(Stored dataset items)
:::::
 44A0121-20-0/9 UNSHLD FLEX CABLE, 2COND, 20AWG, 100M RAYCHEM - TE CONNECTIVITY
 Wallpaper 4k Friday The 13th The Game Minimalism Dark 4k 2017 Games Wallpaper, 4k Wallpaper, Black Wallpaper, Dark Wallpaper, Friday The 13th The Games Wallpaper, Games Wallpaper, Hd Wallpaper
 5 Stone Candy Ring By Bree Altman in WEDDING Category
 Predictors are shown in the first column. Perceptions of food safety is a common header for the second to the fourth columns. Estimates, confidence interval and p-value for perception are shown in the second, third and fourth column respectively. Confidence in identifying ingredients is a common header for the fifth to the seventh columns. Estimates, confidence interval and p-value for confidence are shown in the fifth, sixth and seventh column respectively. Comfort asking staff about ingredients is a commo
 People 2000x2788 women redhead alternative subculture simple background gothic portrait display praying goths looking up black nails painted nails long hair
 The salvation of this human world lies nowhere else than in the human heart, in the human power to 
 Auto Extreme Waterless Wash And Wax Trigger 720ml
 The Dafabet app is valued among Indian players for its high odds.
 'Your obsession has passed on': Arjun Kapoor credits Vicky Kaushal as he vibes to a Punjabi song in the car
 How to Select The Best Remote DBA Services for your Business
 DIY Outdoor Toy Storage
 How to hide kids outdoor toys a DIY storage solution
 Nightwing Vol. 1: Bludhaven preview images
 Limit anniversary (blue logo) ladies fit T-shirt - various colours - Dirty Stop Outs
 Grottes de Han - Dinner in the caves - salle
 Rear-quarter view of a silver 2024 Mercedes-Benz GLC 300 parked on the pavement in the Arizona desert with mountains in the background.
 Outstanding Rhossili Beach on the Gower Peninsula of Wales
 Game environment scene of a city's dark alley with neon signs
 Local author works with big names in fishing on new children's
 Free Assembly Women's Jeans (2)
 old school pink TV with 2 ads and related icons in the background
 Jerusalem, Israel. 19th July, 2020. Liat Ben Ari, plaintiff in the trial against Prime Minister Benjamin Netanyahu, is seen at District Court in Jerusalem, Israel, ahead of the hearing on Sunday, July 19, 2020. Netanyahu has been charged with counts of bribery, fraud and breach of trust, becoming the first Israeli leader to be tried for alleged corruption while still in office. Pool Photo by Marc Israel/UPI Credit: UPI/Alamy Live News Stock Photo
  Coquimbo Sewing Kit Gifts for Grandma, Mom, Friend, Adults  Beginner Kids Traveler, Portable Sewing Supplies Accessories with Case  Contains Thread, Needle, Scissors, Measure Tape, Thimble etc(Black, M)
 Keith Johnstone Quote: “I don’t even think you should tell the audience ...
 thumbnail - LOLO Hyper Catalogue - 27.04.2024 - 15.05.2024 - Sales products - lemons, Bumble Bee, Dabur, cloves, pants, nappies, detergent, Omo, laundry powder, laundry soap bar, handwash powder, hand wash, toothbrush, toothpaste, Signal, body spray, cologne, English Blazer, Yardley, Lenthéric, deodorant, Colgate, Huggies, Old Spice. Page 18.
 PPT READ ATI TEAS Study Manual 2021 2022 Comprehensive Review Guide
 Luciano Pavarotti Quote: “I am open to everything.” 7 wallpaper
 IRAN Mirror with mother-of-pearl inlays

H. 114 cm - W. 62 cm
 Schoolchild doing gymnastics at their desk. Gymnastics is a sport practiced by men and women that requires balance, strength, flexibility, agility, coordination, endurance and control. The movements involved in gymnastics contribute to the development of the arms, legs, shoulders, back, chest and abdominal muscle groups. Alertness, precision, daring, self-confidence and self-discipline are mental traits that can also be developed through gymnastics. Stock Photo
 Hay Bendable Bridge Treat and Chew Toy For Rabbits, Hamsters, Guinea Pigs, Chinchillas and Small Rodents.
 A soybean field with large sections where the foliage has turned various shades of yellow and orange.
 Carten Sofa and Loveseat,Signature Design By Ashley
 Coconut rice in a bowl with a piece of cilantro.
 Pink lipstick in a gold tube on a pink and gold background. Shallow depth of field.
:::::
== Task to carry out ==
Will you return exactly the lines above from the one with "Wallpaper 4k Friday" down to the one with "5 Stone Candy", counting both as part of the range?

== Completed exercise ==
 Wallpaper 4k Friday The 13th The Game Minimalism Dark 4k 2017 Games Wallpaper, 4k Wallpaper, Black Wallpaper, Dark Wallpaper, Friday The 13th The Games Wallpaper, Games Wallpaper, Hd Wallpaper
 5 Stone Candy Ring By Bree Altman in WEDDING Category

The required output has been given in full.